Book Alone at the Altar

    Book Details:
  • Author : Brianna Leavitt-Alcántara
  • Publisher : Stanford University Press
  • Release : 2018-01-09
  • ISBN : 150360439X
  • Pages : 423 pages

Download or read book Alone at the Altar written by Brianna Leavitt-Alcántara and published by Stanford University Press. This book was released on 2018-01-09 with total page 423 pages. Available in PDF, EPUB and Kindle. Book excerpt: By 1700, Guatemala's capital was a mixed-race "city of women." As in many other cities across colonial Spanish America, labor and migration patterns in Guatemala produced an urban female majority and high numbers of single women, widows, and female household heads. In this history of religious and spiritual life in the Guatemalan capital, Brianna Leavitt-Alcántara focuses on the sizeable population of ordinary, non-elite women living outside of both marriage and convent. Although officials often expressed outright hostility towards poor unmarried women, many of these women managed to position themselves at the forefront of religious life in the city. Through an analysis of over 500 wills, hagiographies, religious chronicles, and ecclesiastical records, Alone at the Altar examines how laboring women forged complex alliances with Catholic priests and missionaries and how those alliances significantly shaped local religion, the spiritual economy, and late colonial reform efforts.

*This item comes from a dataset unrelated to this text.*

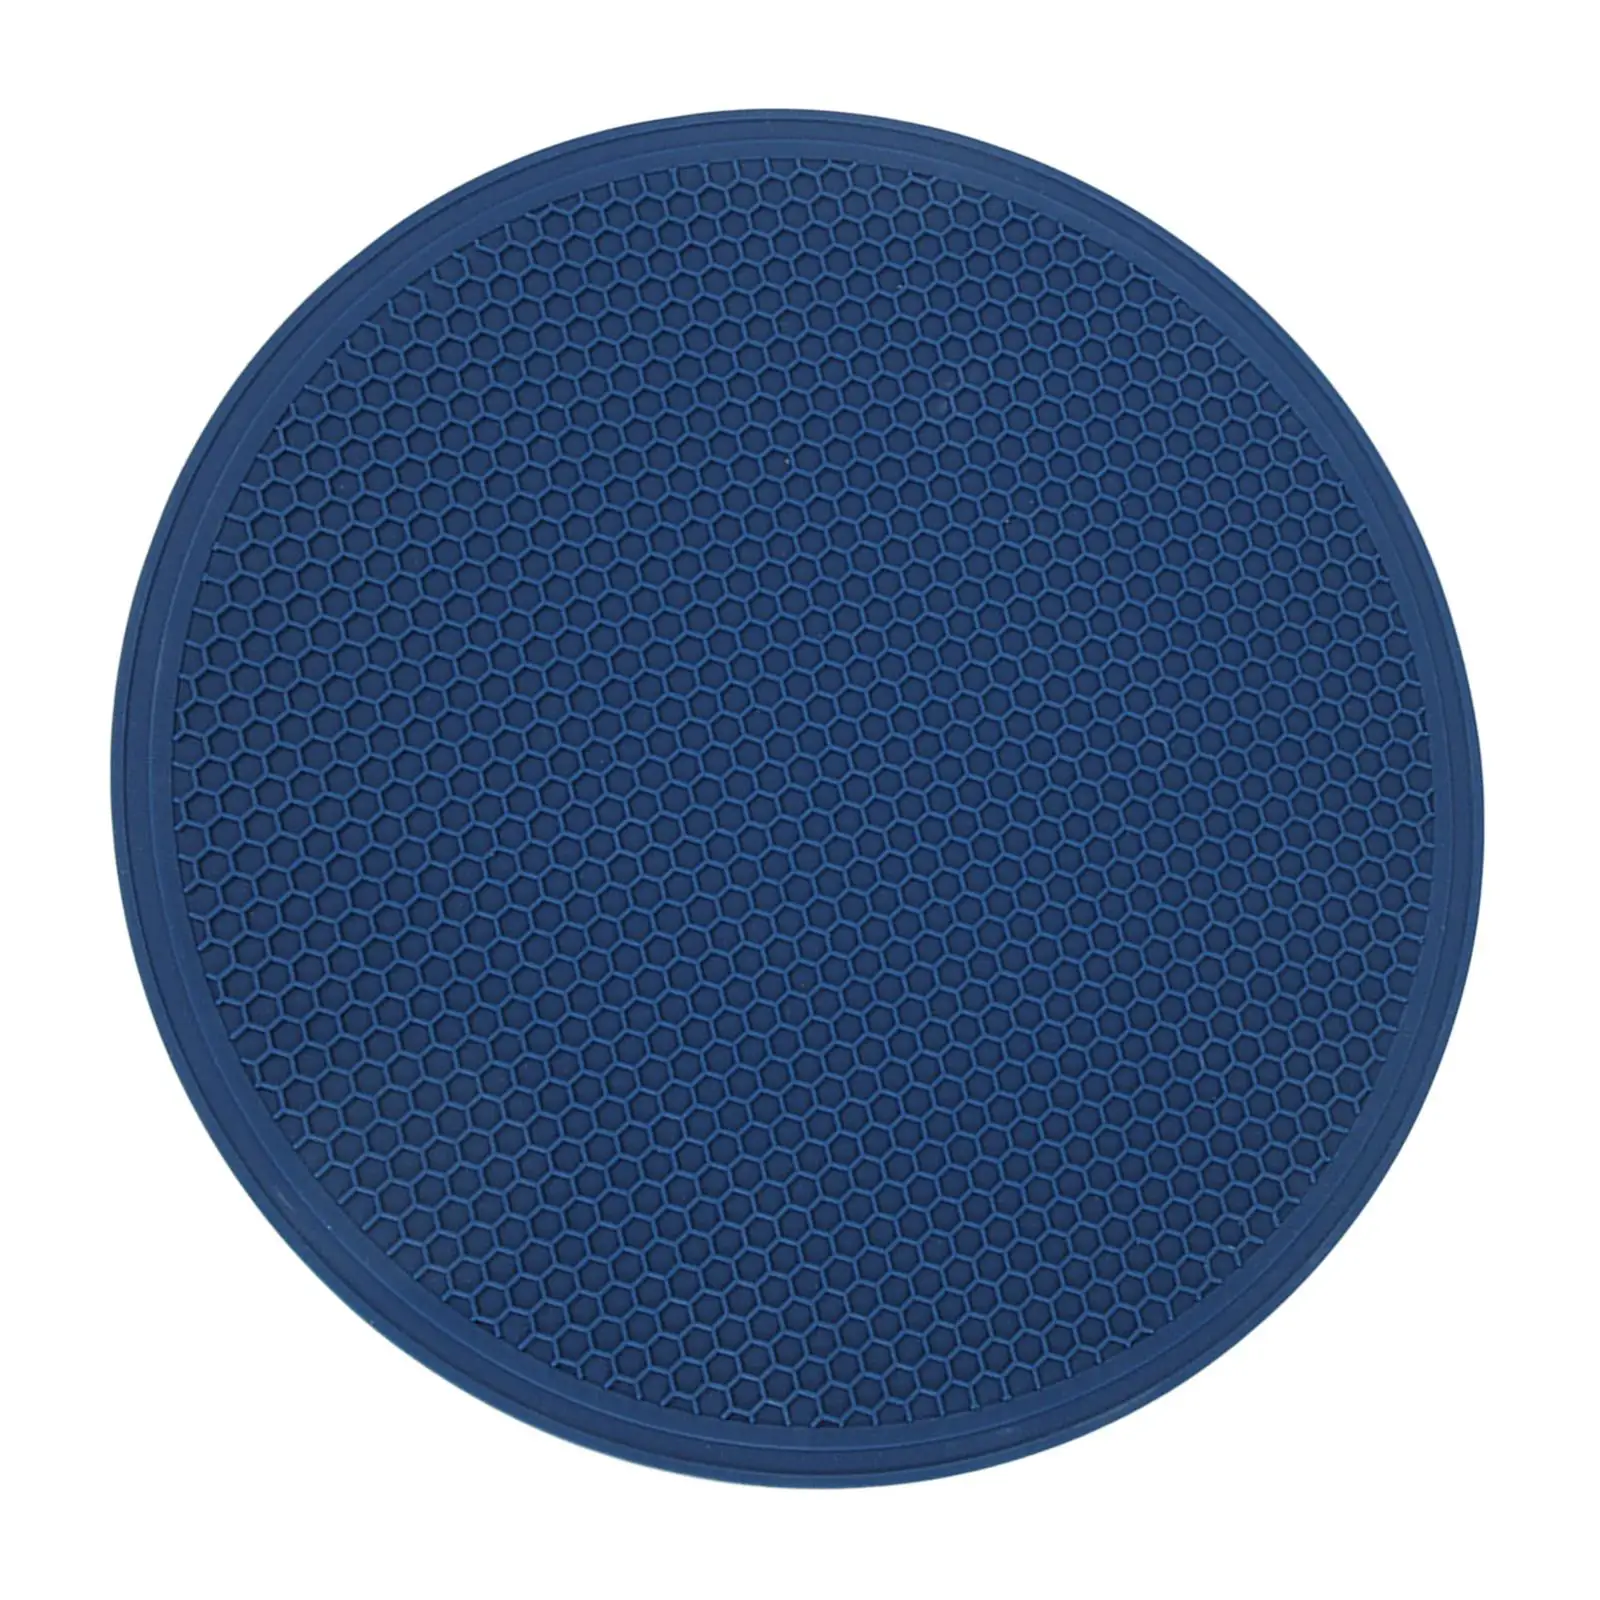 Heat Resistant Oven Mat Round Pot Holder Large Soft Place Mat 30cm Counter Drying Placemat for Bowls Dishes Plates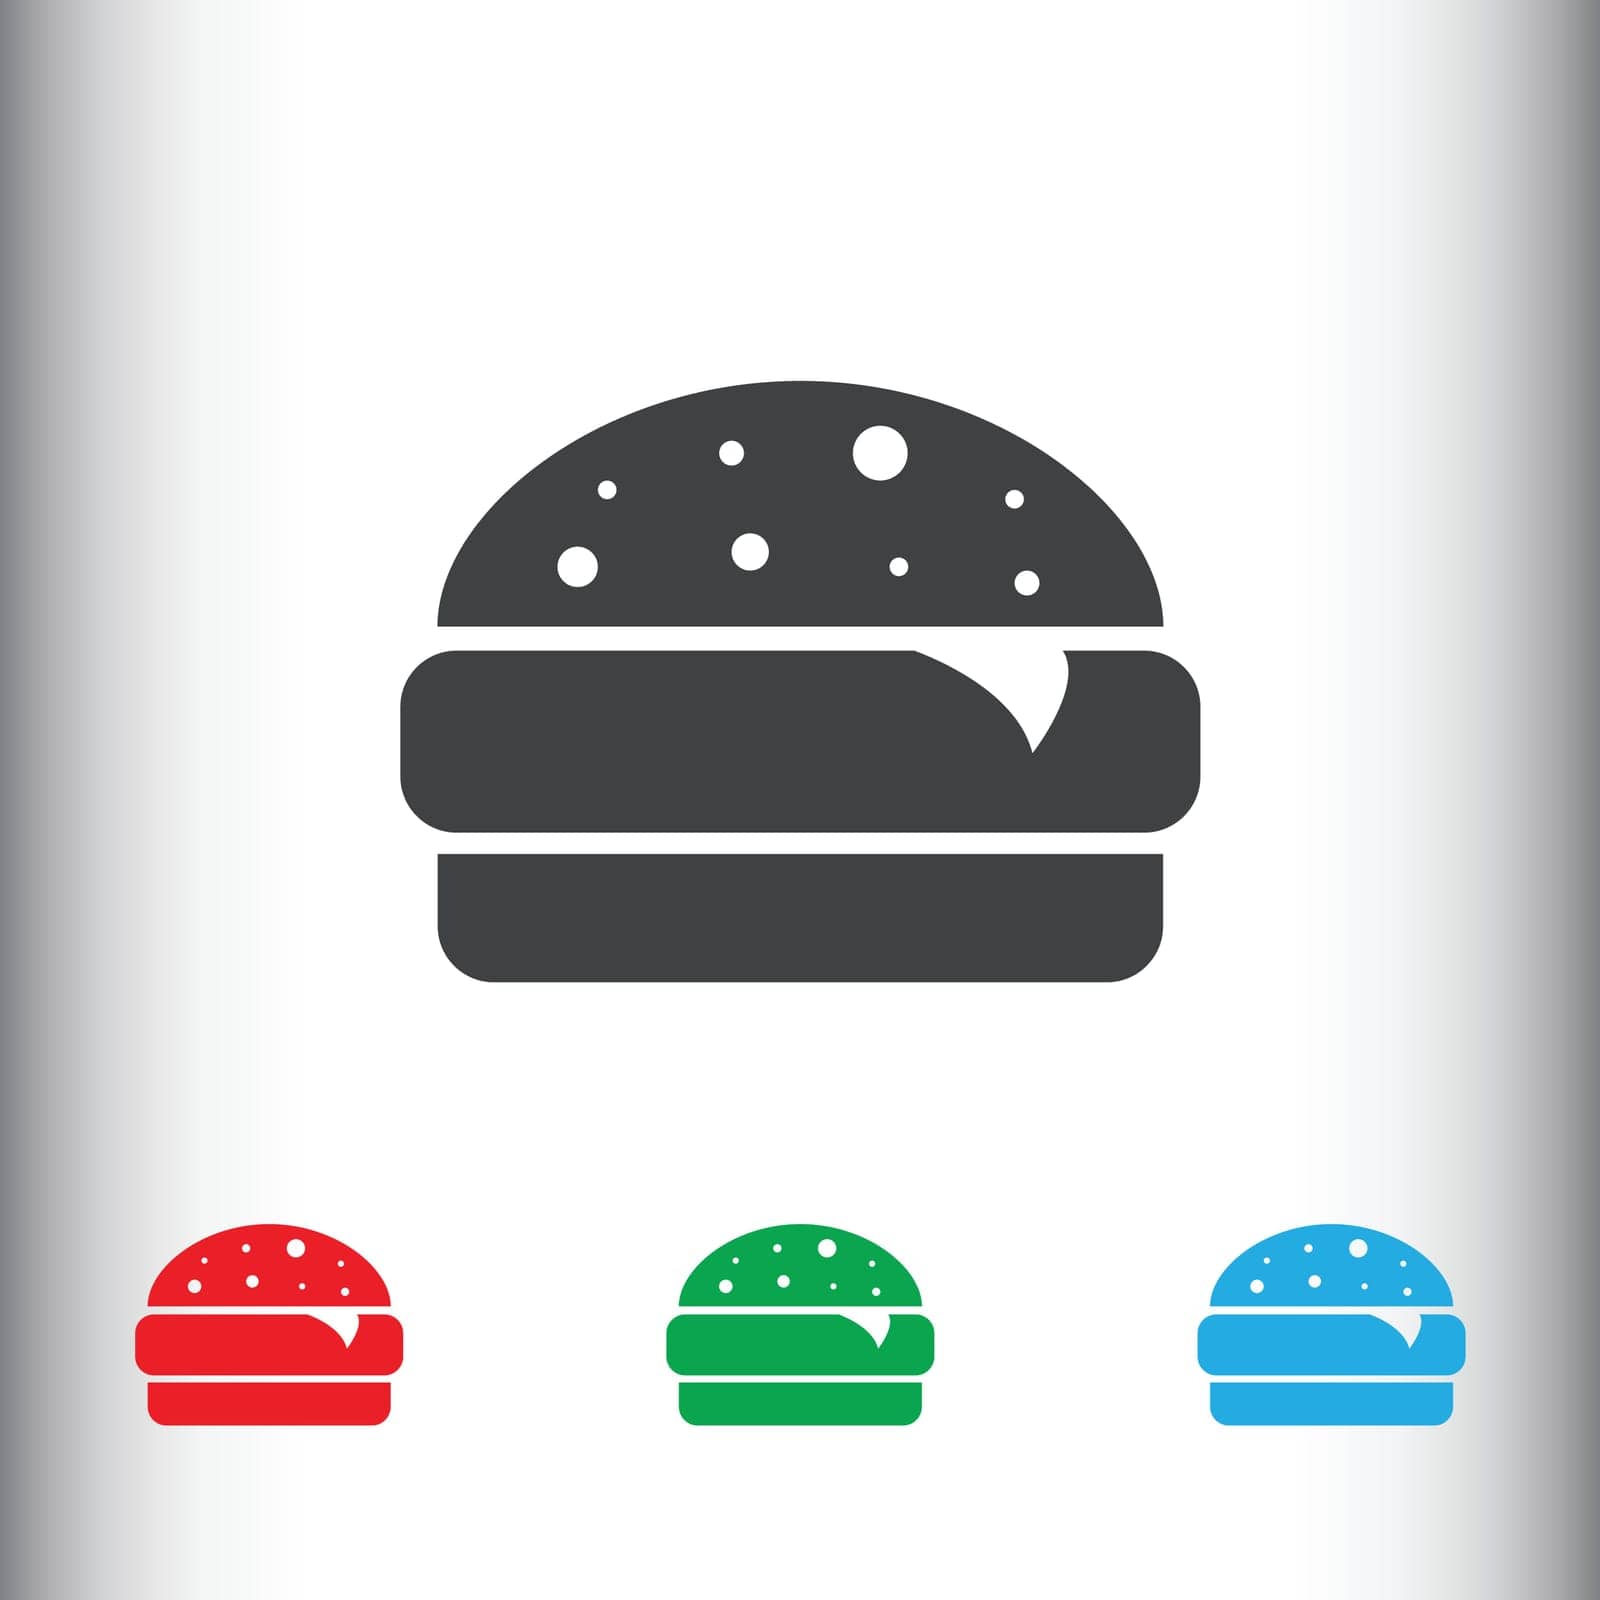 burger icon, sign icon, vector illustration. burger symbol. flat icon. flat design style for web and mobile.

It considers the local circumstances and global Catholic missionary movements that fueled official collaboration with poor single women and support for diverse models of feminine piety. Extending its analysis past Guatemalan Independence to 1870, this book also illuminates how women's alliances with the Catholic Church became politicized in the Independence era and influenced the rise of popular conservatism in Guatemala.